▸ WORK TO BE COMPLETED
Only one thing is required: the number of lines in the entries below that contain "Black".

▸ Stored items from a collection
-- Opening Marker --

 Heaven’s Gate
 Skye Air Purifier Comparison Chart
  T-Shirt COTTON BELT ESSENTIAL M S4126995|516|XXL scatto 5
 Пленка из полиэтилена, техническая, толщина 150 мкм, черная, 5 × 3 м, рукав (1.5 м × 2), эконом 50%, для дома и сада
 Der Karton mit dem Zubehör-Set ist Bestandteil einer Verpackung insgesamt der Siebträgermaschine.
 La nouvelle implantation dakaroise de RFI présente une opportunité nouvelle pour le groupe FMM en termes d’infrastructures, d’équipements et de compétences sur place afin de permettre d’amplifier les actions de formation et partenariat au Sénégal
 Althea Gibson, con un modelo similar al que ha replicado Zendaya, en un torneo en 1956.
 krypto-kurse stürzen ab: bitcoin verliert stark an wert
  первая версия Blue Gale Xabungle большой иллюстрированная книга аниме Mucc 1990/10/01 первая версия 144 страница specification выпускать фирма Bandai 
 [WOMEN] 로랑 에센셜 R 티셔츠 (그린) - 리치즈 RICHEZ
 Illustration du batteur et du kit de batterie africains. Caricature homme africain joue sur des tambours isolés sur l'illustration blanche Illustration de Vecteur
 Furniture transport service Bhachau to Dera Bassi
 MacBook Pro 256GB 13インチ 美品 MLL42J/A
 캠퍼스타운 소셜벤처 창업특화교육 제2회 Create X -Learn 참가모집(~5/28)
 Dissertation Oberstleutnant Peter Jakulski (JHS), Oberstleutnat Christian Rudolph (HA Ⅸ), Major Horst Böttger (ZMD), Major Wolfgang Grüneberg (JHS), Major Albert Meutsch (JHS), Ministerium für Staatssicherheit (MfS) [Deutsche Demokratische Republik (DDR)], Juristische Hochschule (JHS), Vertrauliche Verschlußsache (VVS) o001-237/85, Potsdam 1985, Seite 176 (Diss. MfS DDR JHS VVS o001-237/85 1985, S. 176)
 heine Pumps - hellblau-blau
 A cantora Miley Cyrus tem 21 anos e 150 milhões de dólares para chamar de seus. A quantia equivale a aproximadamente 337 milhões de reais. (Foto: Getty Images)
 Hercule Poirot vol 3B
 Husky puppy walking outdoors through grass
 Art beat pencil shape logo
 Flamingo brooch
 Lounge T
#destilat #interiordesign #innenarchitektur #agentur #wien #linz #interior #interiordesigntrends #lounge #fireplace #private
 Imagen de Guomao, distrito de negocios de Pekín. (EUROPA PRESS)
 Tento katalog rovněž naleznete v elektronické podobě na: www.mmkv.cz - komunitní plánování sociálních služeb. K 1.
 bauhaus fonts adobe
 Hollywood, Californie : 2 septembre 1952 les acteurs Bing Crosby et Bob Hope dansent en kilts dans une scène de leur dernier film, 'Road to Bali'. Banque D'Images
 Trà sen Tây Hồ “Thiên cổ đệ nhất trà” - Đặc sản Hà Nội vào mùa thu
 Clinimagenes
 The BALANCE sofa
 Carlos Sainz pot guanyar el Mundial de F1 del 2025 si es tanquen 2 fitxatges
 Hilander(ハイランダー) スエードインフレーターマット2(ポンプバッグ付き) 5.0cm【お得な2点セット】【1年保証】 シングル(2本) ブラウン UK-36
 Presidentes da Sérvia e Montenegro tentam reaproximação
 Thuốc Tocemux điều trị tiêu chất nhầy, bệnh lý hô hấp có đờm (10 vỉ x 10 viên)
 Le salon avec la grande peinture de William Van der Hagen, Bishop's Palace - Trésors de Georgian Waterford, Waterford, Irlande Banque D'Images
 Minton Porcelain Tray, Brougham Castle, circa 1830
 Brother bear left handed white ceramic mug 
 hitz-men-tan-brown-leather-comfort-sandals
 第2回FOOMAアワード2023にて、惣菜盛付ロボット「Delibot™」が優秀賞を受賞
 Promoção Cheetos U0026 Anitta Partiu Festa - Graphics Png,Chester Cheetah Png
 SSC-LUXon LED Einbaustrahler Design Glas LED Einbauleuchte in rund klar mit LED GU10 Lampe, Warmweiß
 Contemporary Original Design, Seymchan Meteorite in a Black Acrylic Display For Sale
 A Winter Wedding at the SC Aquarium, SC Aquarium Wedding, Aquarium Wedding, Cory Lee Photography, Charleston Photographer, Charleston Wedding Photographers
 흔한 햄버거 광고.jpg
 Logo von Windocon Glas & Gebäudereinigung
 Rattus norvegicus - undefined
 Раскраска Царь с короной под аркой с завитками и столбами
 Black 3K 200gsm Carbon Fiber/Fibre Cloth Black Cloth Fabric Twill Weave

-- Closing Marker --

▸ EXPECTED ANSWER
2